Think of a neuron as a dial that measures “how much does this input matter?”

It takes several inputs, multiplies each by a weight (how important it is), adds them up, adds a bias (a constant offset), then squashes the result through an activation function to decide how strongly it “fires.”

flowchart LR
x1["x₁"] -->|w₁| S((Σ))
x2["x₂"] -->|w₂| S
x3["x₃"] -->|w₃| S
b["bias b"] --> S
S --> A["activation\nfunction"]
A --> y["output y"]

Weights control which inputs the neuron pays attention to. A high weight on x₁ means “x₁ matters a lot.” A negative weight means “when x₁ is high, fire less.”
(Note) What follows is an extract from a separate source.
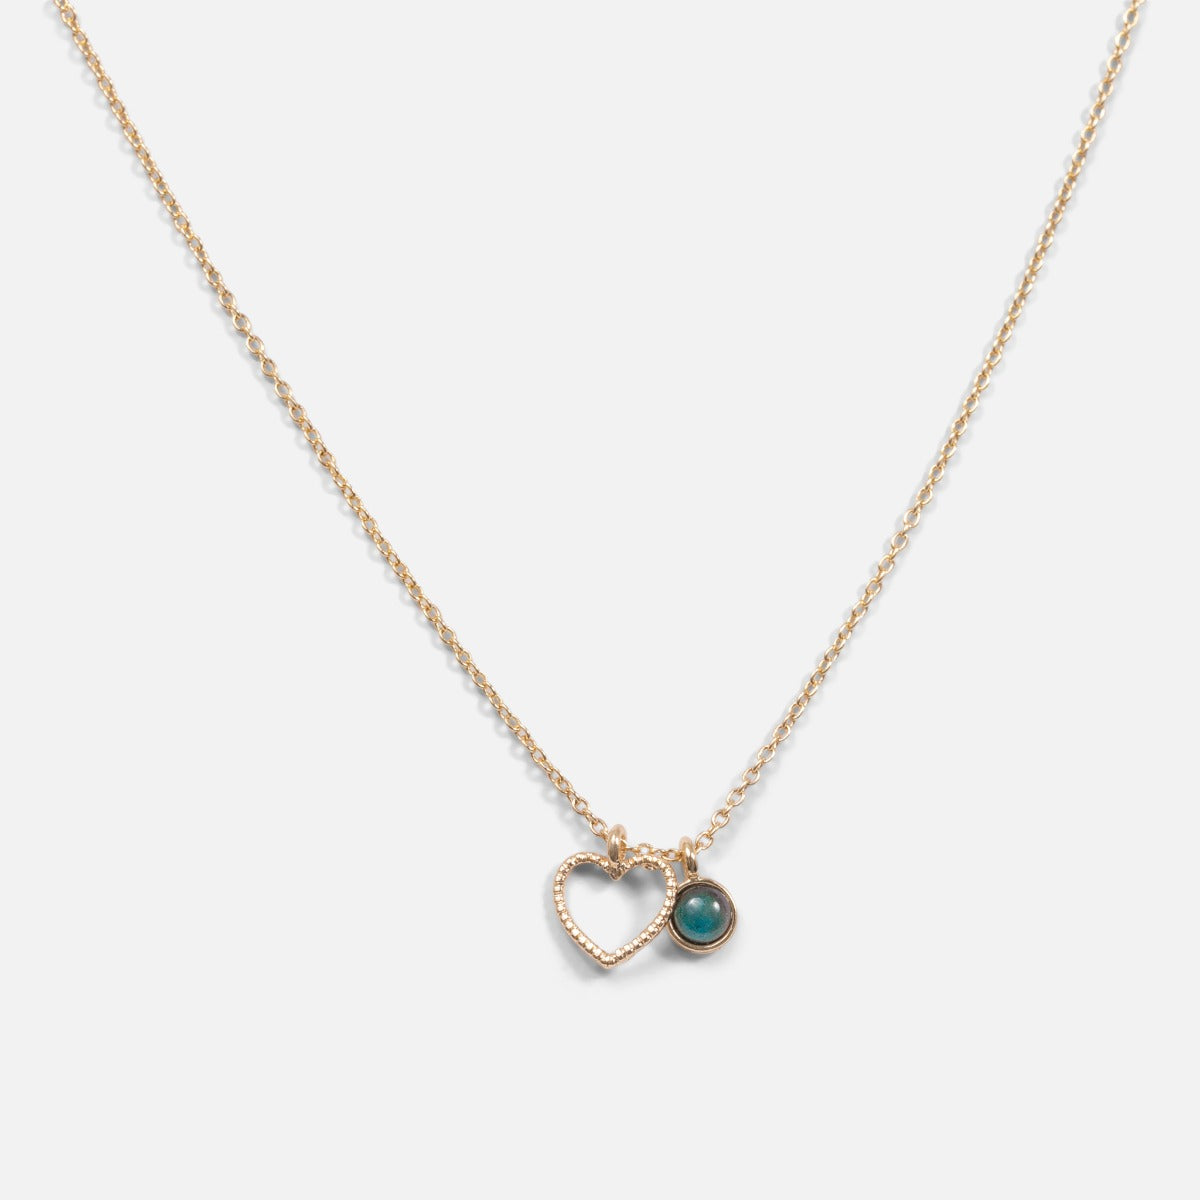 Golden pendant with openwork heart charm and turquoise stone
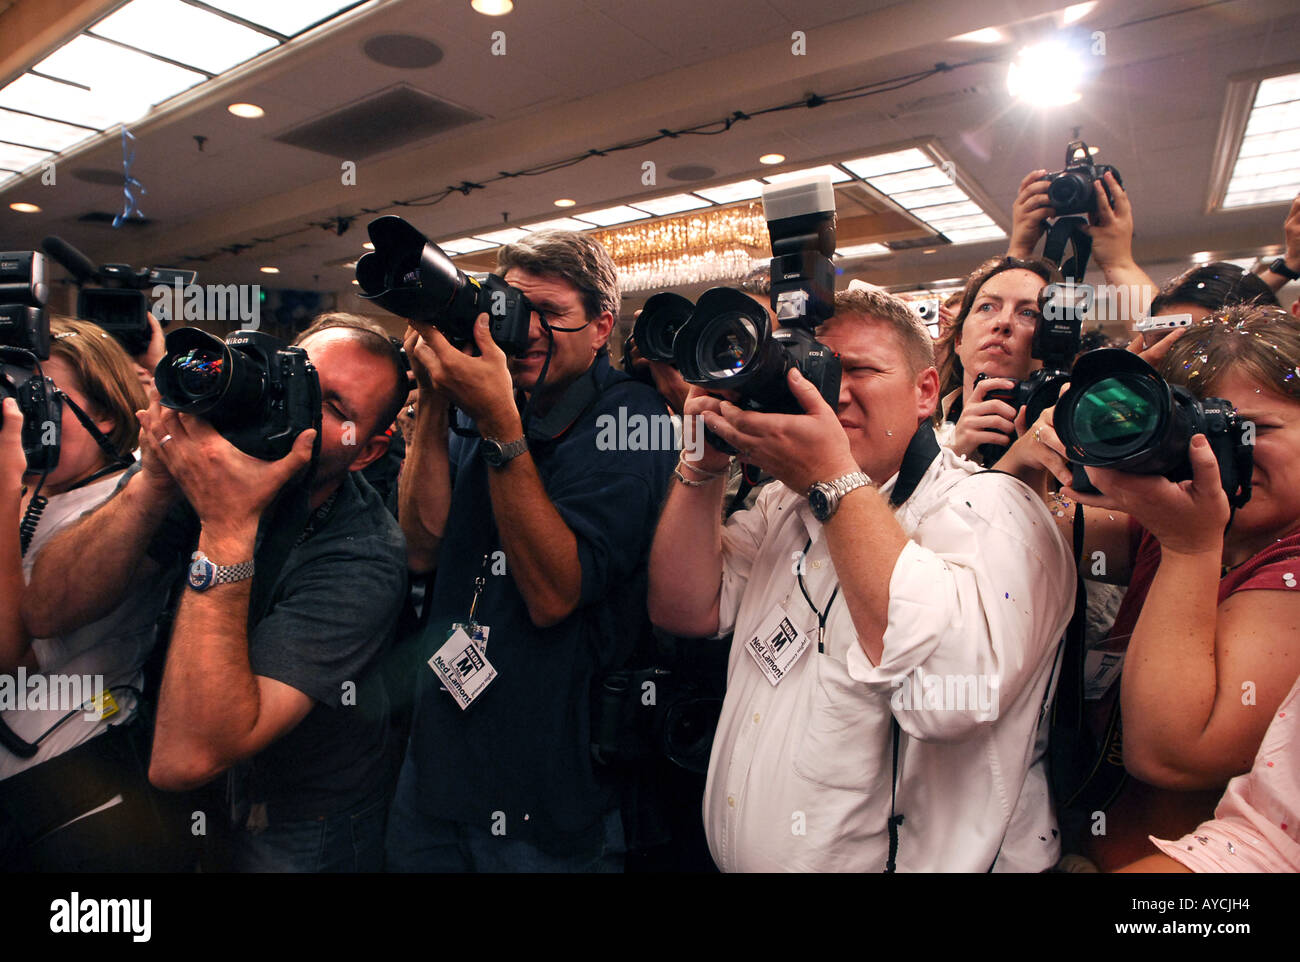 A group of News Photographers shoot during a political election night Stock Photo

Bias shifts the whole activation up or down — it lets the neuron fire even when all inputs are zero, or stay quiet even when they’re strong.

Activation function introduces non-linearity. Without it, stacking layers would just be multiplying matrices — no matter how many layers you added, the whole network would still only compute a linear function. Non-linearity is what lets deep networks learn curves, spirals, and complex decision boundaries.


Layers

One neuron can’t learn much. But connect thousands of them in layers and something remarkable happens: each layer learns increasingly abstract representations.

flowchart LR
subgraph Input
i1(( )) & i2(( )) & i3(( ))
end
subgraph Hidden1["Hidden Layer 1"]
h1(( )) & h2(( )) & h3(( )) & h4(( ))
end
subgraph Hidden2["Hidden Layer 2"]
h5(( )) & h6(( )) & h7(( ))
end
subgraph Output
o1(( )) & o2(( ))
end
Input --> Hidden1 --> Hidden2 --> Output

In an image classifier:

  • Layer 1 learns to detect edges and colours
  • Layer 2 combines edges into shapes and textures
  • Layer 3 combines shapes into object parts
  • Final layer combines parts into “cat” vs. “dog”

In a language model:

  • Early layers learn grammar and word relationships
  • Middle layers learn syntax and phrase structure
  • Late layers learn semantics, reasoning, world knowledge

This hierarchy is why depth matters — shallow networks struggle to represent complex concepts because they can’t build up abstractions step by step.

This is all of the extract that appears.